Joseph Zoderer: Ich werde hier auf dem Hof in Terenten feiern – mit meiner Frau und mit meinem Hund.
Wie können wir uns Joseph Zoderer als 85-Jährigen vorstellen?
Manchmal muss ich ja auch lachen. Als ich jung war, dachte ich, ein 85-Jähriger ist einer, der eher kriecht als geht. Stattdessen stelle ich jetzt fest, dass ich mich heute wie ein Sechzigjähriger fühle – und zwar in jeder Hinsicht.
Wie leben Sie?
Im Herbst war ich in Bruneck, zunächst in der Mössmer-Villa, dann am Graben, wo ich meine Schlafkammer habe. Als dann zu Allerheiligen alle Bars geschlossen haben, bin ich hinauf nach Terenten. Hier fehlt mir nichts, das Alleinsein macht mir keine Probleme. Ich habe einen Beruf, der aus dem Alleinsein schon fast eine Notwendigkeit macht. Und so wandere ich hier durch Wiesen und Wälder – und bin recht glücklich.
Fit durch Wandern also?
Ja, ich gehe viel mit meinem Hund, das hält ihn fit, aber vor allem mich. Er ist ein verspielter Schäferhund, und er liebt es, wenn ich ihm das Steckele werfe. Ich stehe zwischen fünf und sechs in der Früh auf, höre klassische Musik, dann frühstücke ich mit Sandra, meiner Frau. Daraufhin höre ich etwa eine Stunde lang Ö1, dann machen wir zusammen den Vormittagsspaziergang – und dann setze ich mich an meinen Schreibtisch. Das Ganze wiederholen wir am Nachmittag. Ich bin also voll drin in der Lebensfreude – vorausgesetzt, ich kann schreiben. Denn wenn ich zwei Tage nicht schreiben kann, werde ich ungemütlich. Das war immer schon so.
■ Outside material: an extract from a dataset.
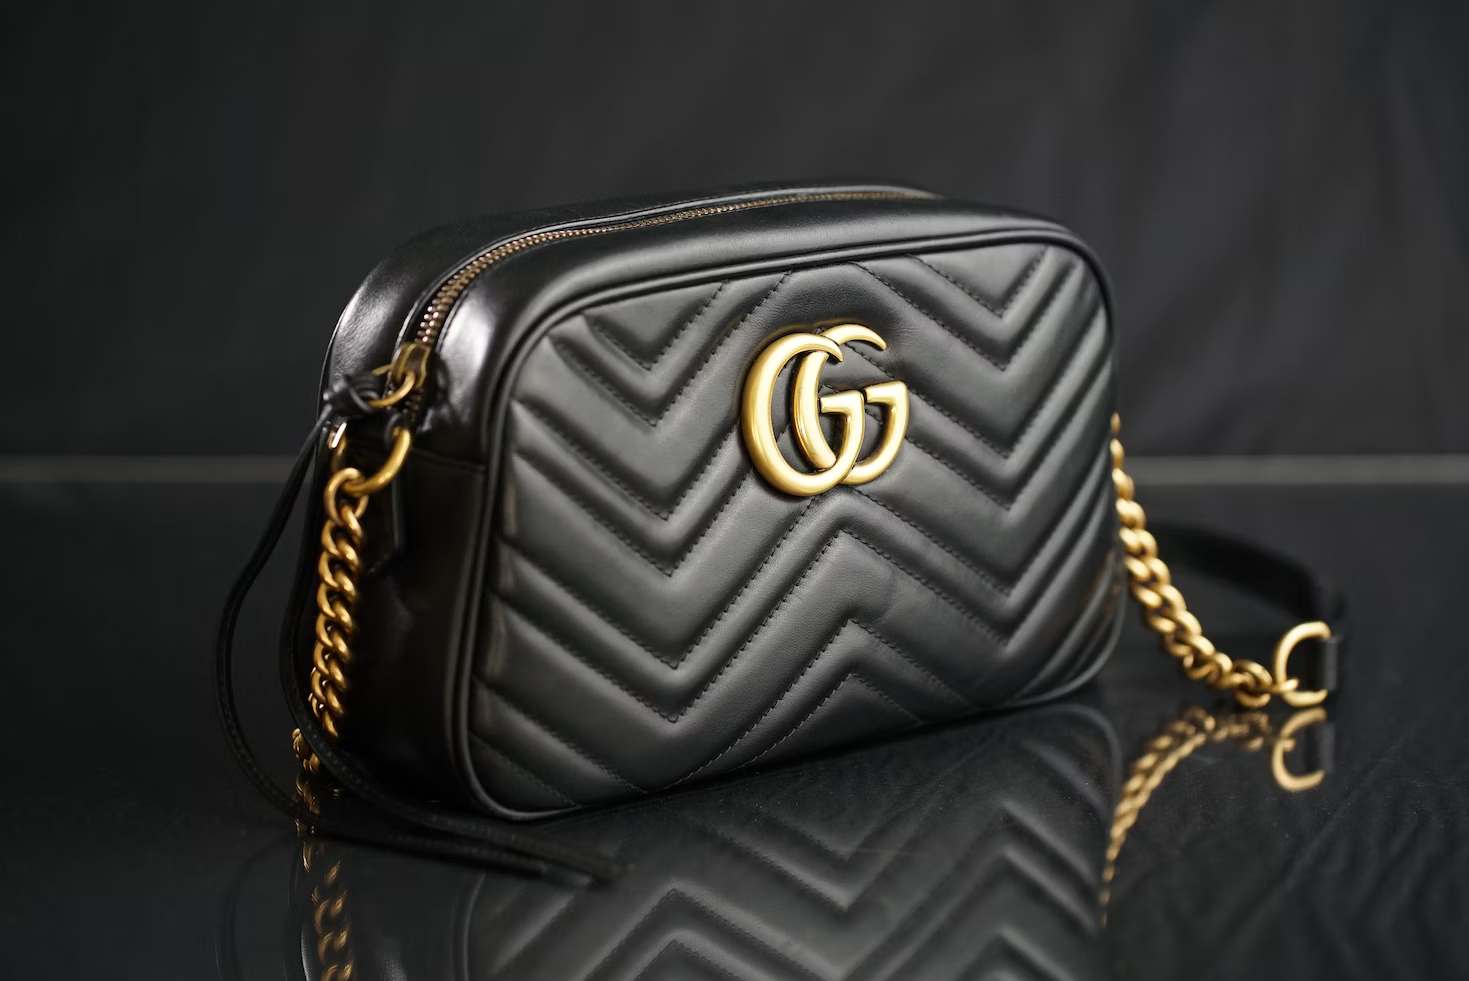 Black classic Gucci bag

Sie sind also wieder zurück zu Ihrer Frau Sandra Morello auf den Hof in Terenten?
Eigentlich war ich nie weg. Liebe ist in meinen Augen ein anderes Wort für Leben. Ob König oder Knecht, jeder möchte geliebt werden – und möglichst viel Zeit in einer Liebesbeziehung verbringen. Als Künstler ist man ja in einer begnadeten Situation. Ganz anders mein Bruder Hans, er wurde über 87 Jahre alt, aber da seine Frau schon früh gestorben ist, hat er zuletzt geradezu geschrien vor lauter Einsamkeit.
Die Beziehung zwischen Ihnen und ihrer Frau war lange Zeit sehr konfliktreich.
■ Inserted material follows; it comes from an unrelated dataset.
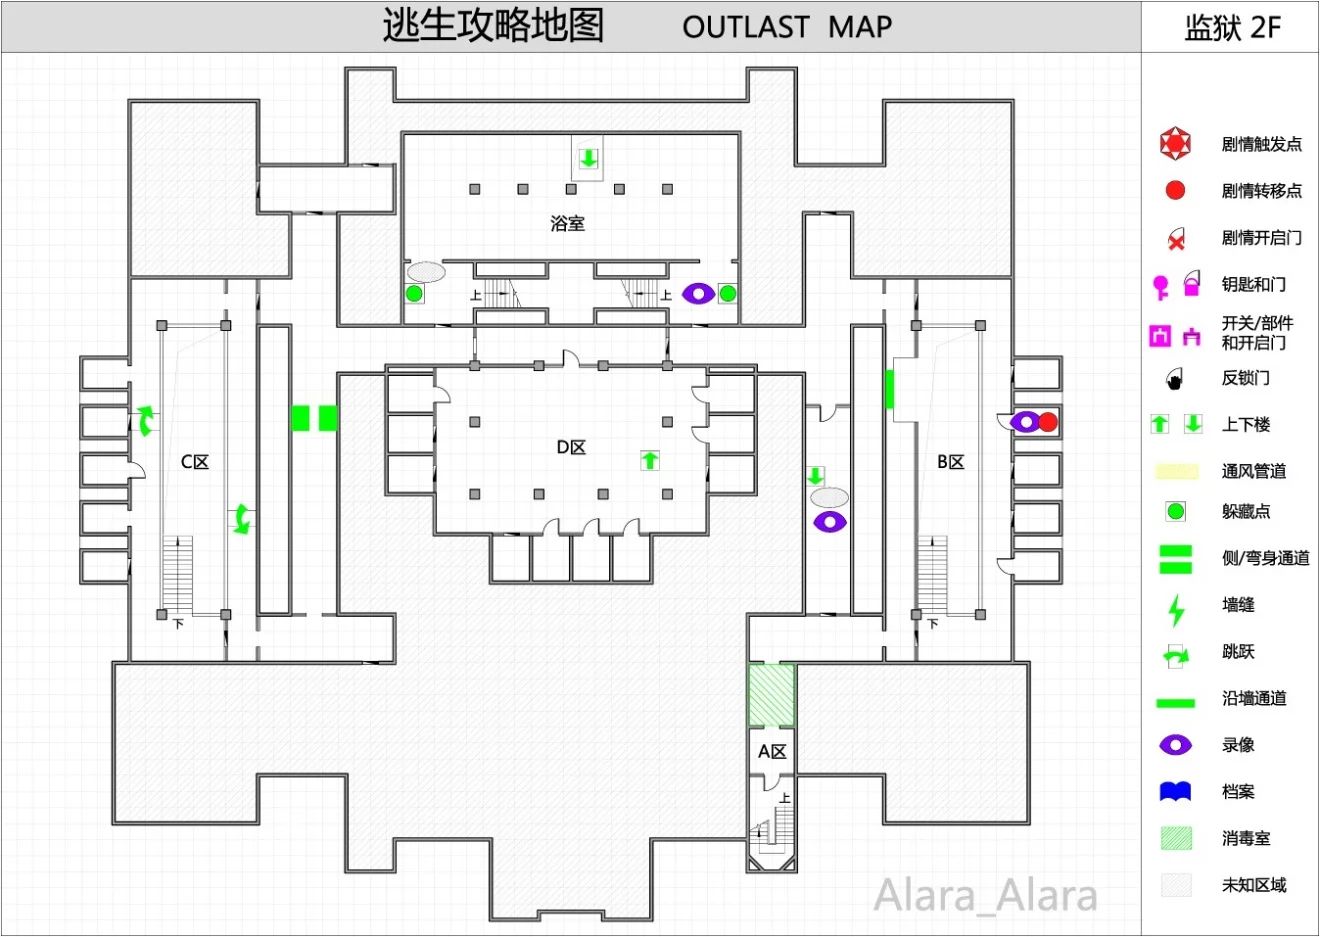 《逃生（outlast）》游戏完整地图

Aber wir waren nie ganz getrennt. Ich habe immer meinen Ehering getragen und jeden Tag mindestens einmal mit ihr telefoniert. Ich habe weder sie noch meine Tochter allein lassen wollen, sondern wollte in der Nähe sein, falls etwas fehlen sollte. Und so konnten wir eine sehr nahe Freundschaft aufrechterhalten. Ich frage: Wer befindet sich nach so vielen Jahrzehnten noch in einer Verliebtheitsphase mit seiner verheirateten Frau? Im Lauf der Zeit entwickelt sich eine Treue ganz anderer Art. Sandra ist der Mensch, mit dem ich am meisten Gedanken und Gefühle teile. Andererseits ...
Andererseits?
Schauen Sie doch! Schriftsteller und Künstler haben nie nur eine Frau, sondern Dutzende von Frauen. Für mich war das Leben immer ein Abenteuer. Das Wesen Frau war in meinem Leben immer präsent und etwas sehr Positives. Es war immer irgendwie zwischen Liebe und Abschied. Insofern könnte ich mein Leben definieren als einen Rosenkranz der Abschiede.
Ihre Frau muss sehr tolerant sein.
Ja natürlich. Sie ist Akademikerin, sie kommt aus einer hochbürgerlichen Familie. Sie kennt sich aus – in der Weltliteratur und in der Wirklichkeit. Wir standen uns politisch immer sehr nahe. In zwei Jahren feiern wir die Goldene oder wie man das nennt, wenn man 50 Jahre lang verheiratet ist.
Haben Sie Angst vor dem Sterben?
Nein, nie. Ich bin mit vier Jahren mit meiner Familie nach Graz ausgewandert – als Optanten kurz vor dem Zweiten Weltkrieg. Dort wurden wir nachts von Sirenen geweckt, ich habe gesehen, wie Leute von Bomben zerfetzt worden sind. So etwas prägt. Nach dem Krieg bin ich nachts oft auf den Friedhof gegangen. Ich wollte herausfinden, ob die Toten mit mir reden.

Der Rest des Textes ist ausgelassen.